■ **PROBLEM DETAILS**:
Transcribe the listing verbatim, please, with images dropped.

■ **SUPPLIED DATA**:

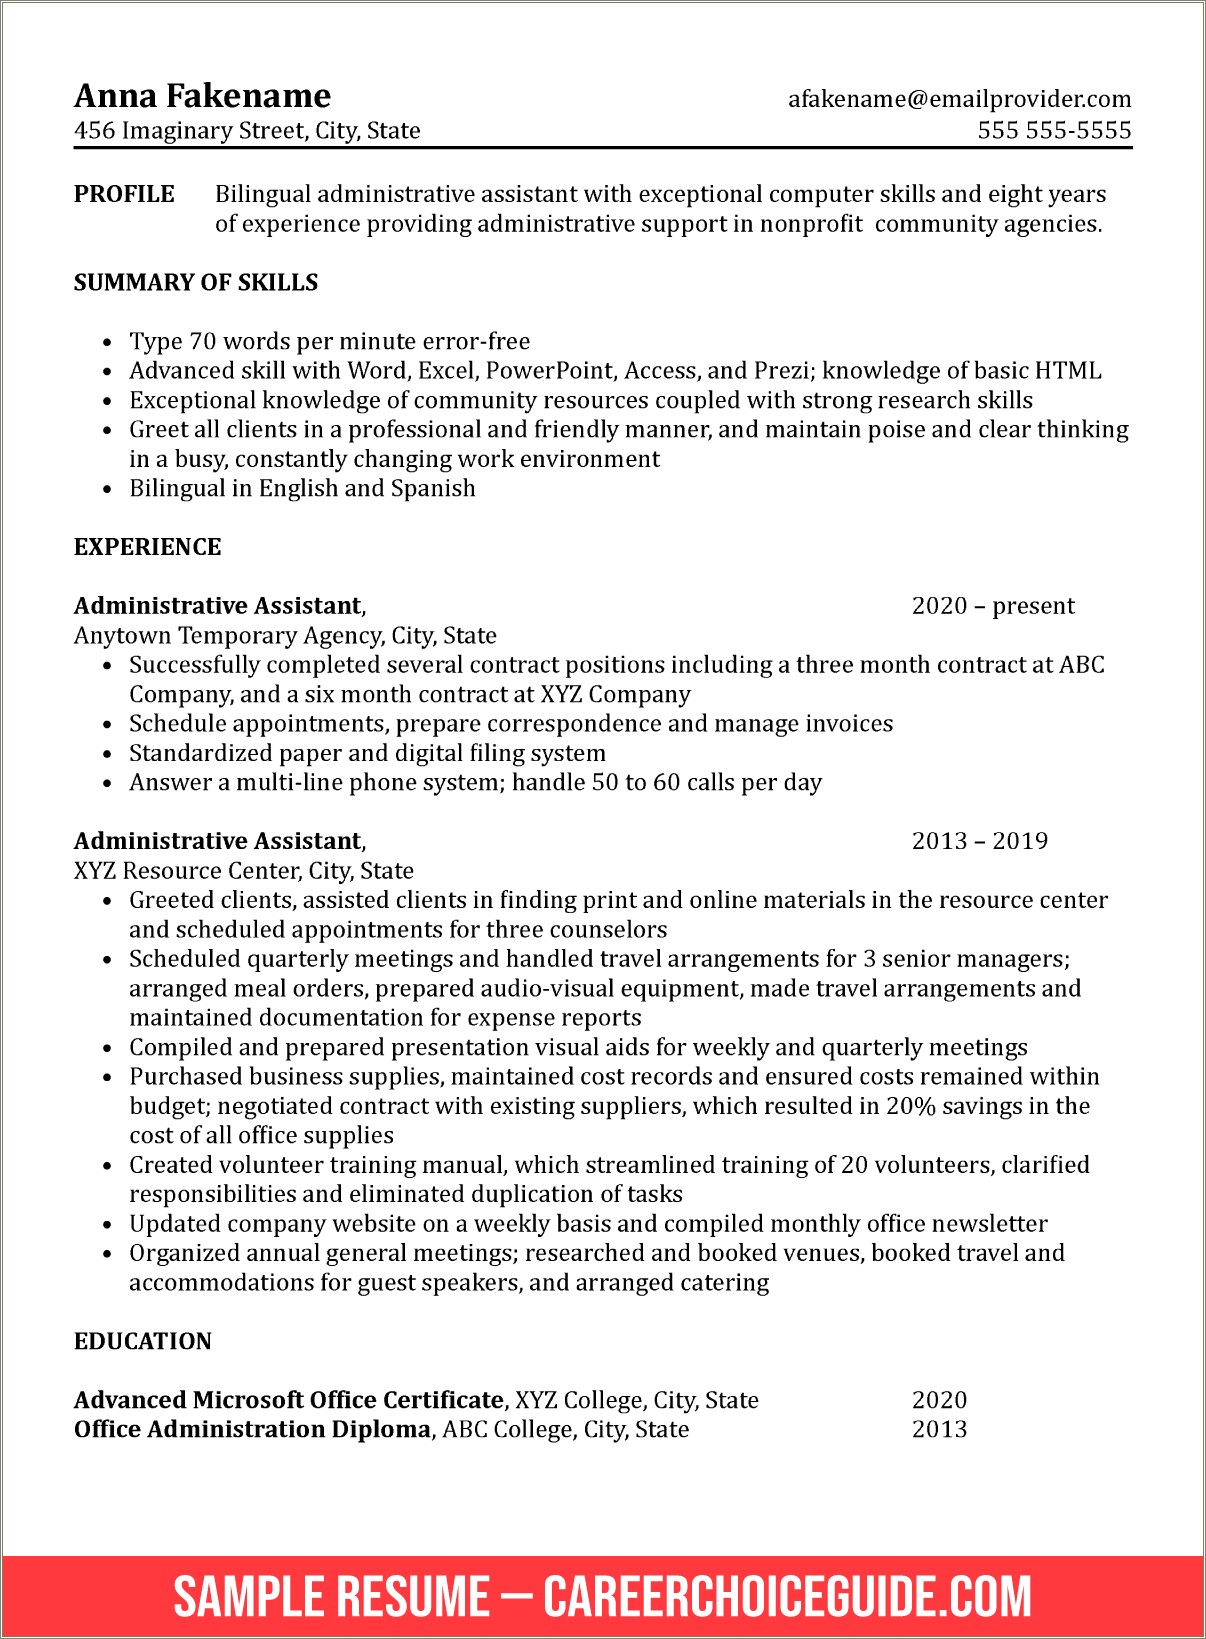 A Sample Resume For Administrative Assistant
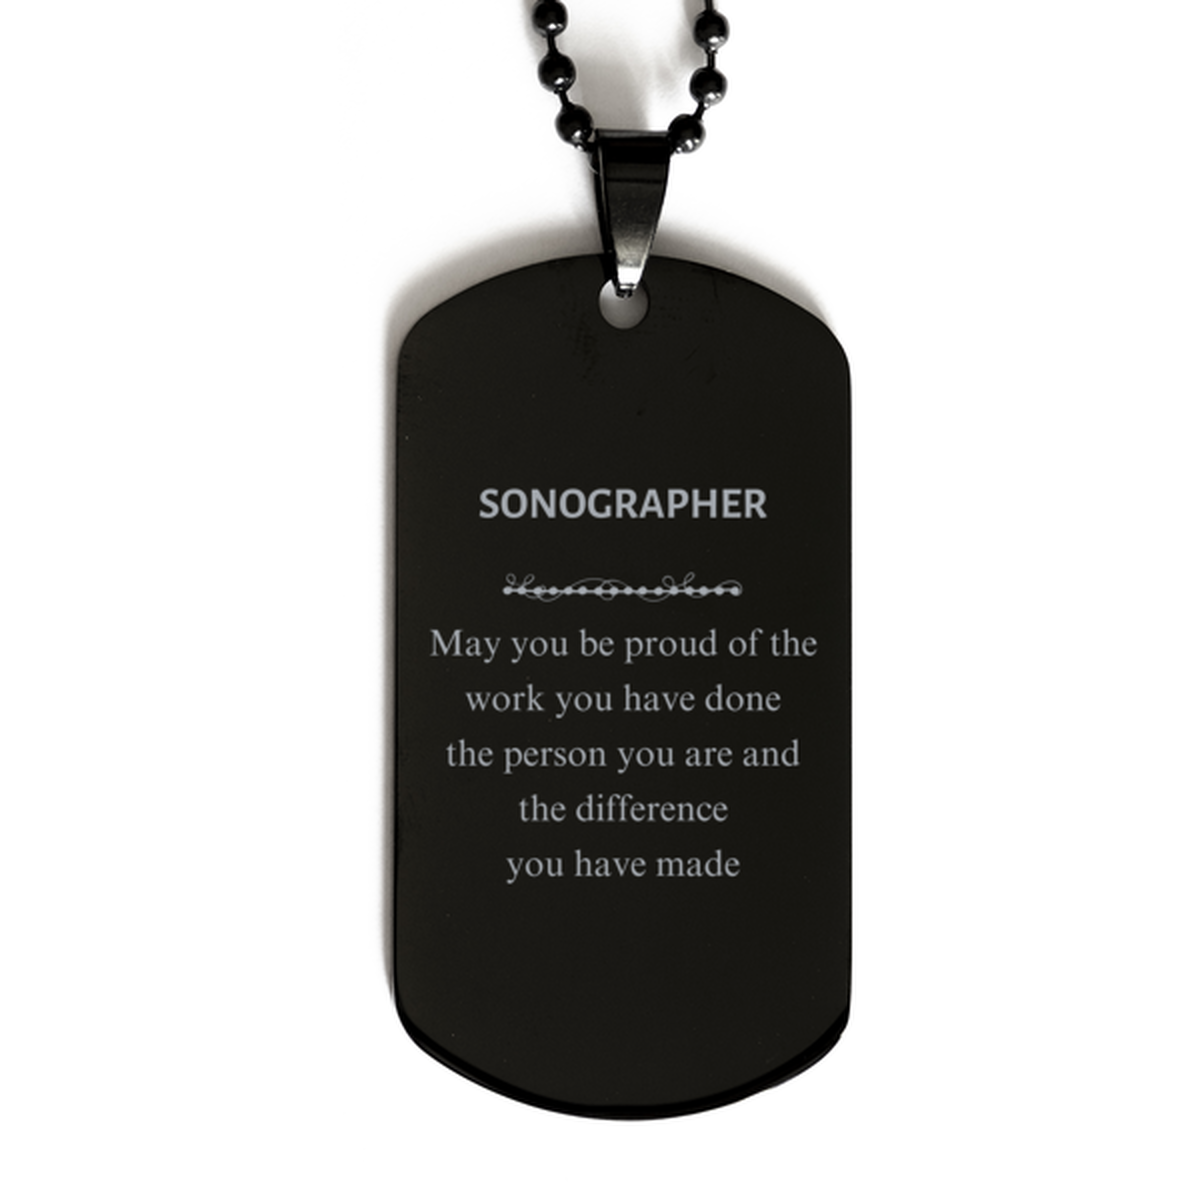 Sonographer May you be proud of the work you have done, Retirement Sonographer Black Dog Tag for Colleague Appreciation Gifts Amazing for Sonographer
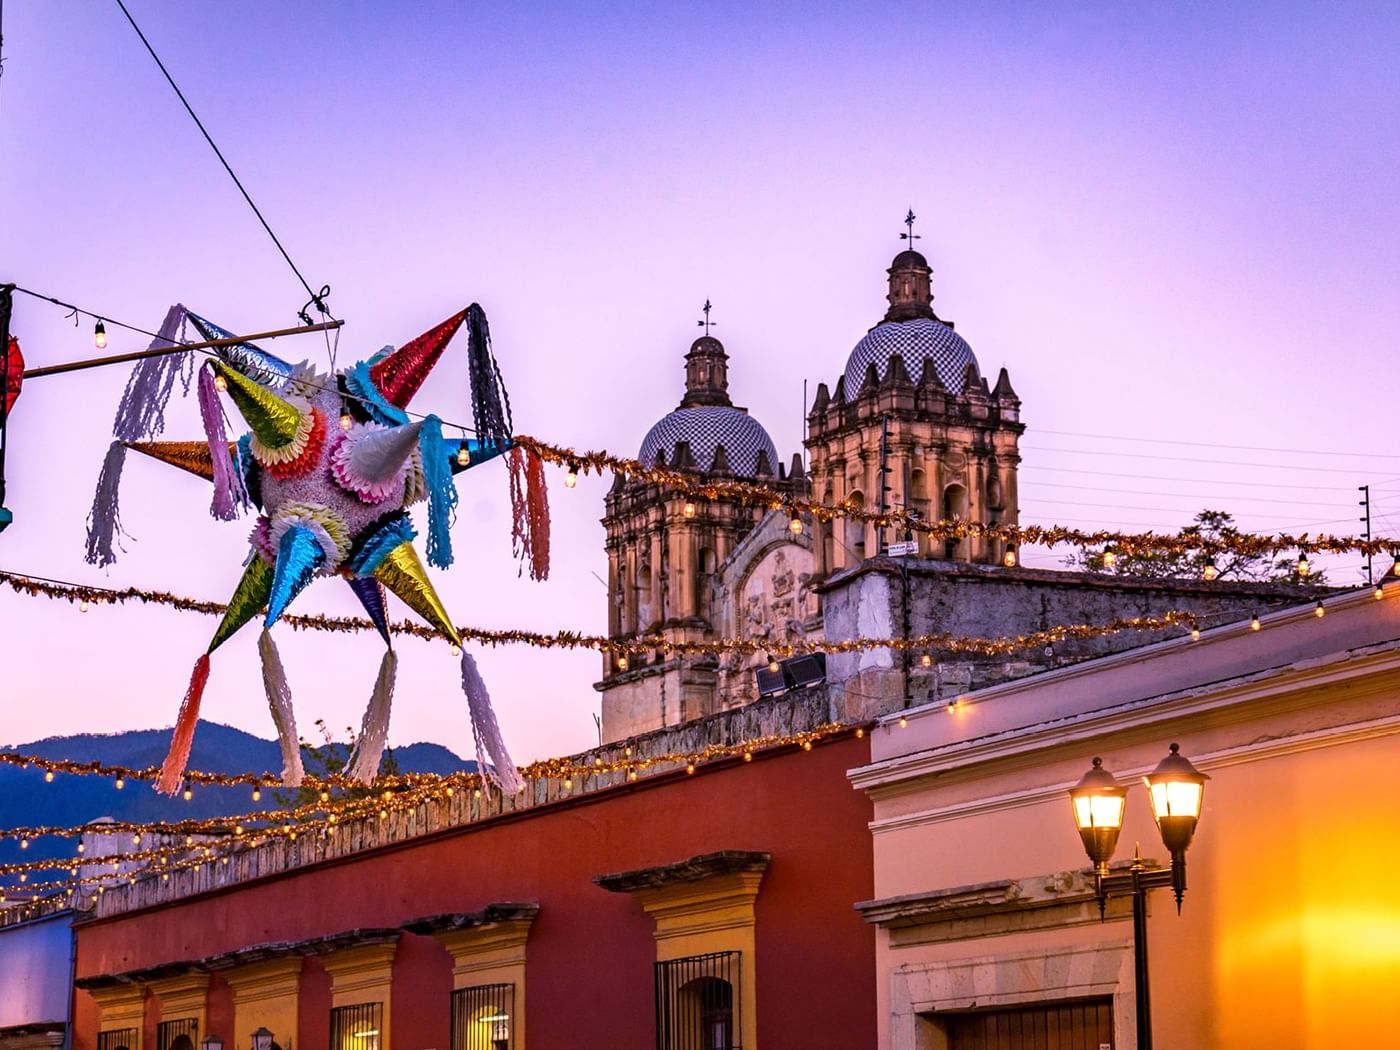 Colorful Pinata traditional fiesta decoration & festive lights over the streets in Atlixco near Gamma Hotels
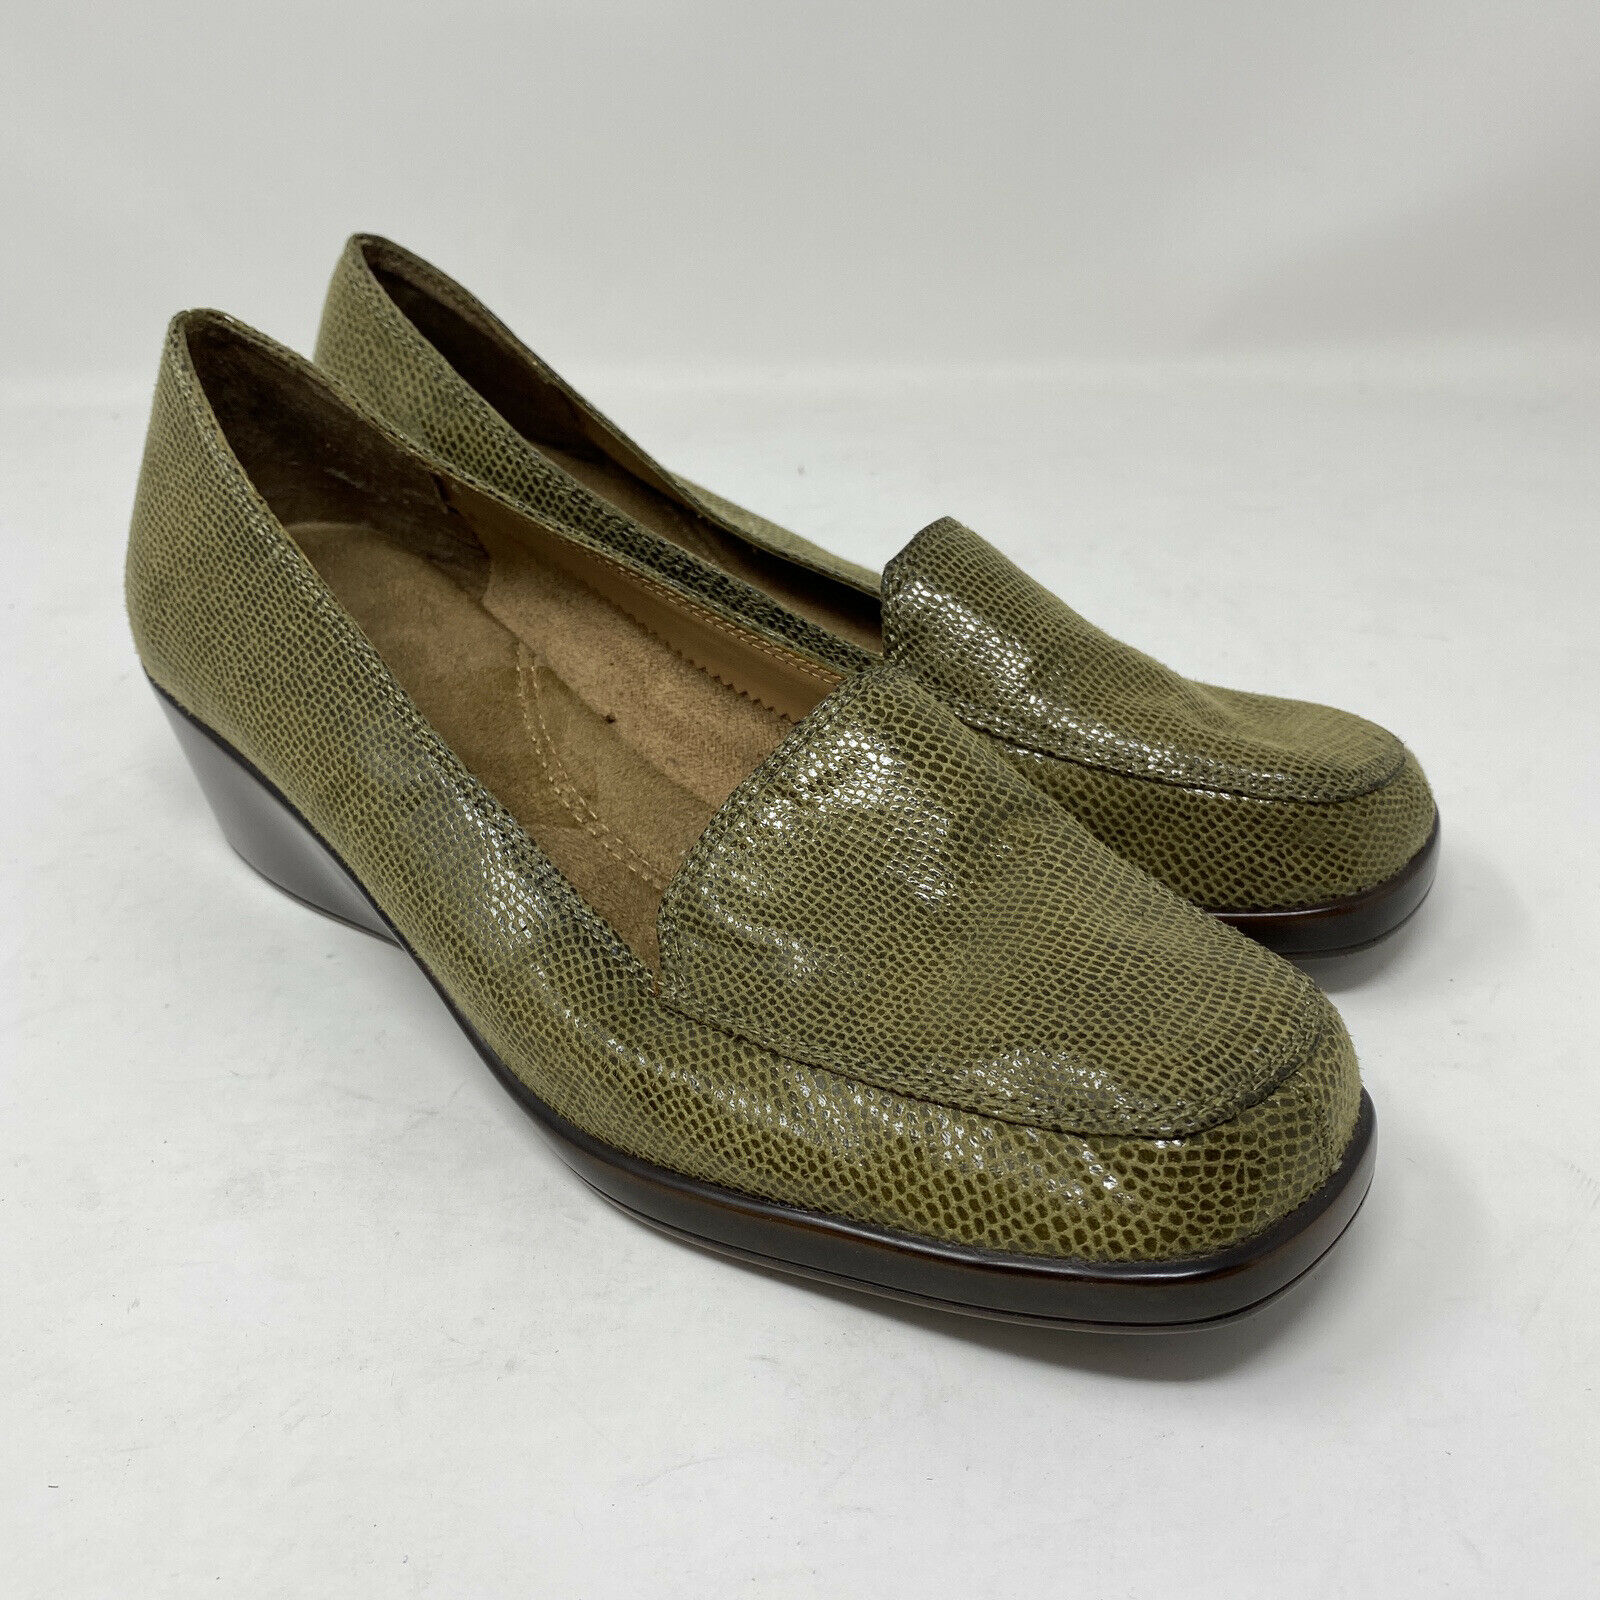 Aerosoles Women’s Loafer Shoes Green Size 7.5 M Final Exam Wedge Slip On Comfort

■ **YOUR RESPONSE**:
 A Sample Resume For Administrative Assistant
 Sonographer May you be proud of the work you have done, Retirement Sonographer Black Dog Tag for Colleague Appreciation Gifts Amazing for Sonographer
 Colorful Pinata traditional fiesta decoration & festive lights over the streets in Atlixco near Gamma Hotels
 Aerosoles Women’s Loafer Shoes Green Size 7.5 M Final Exam Wedge Slip On Comfort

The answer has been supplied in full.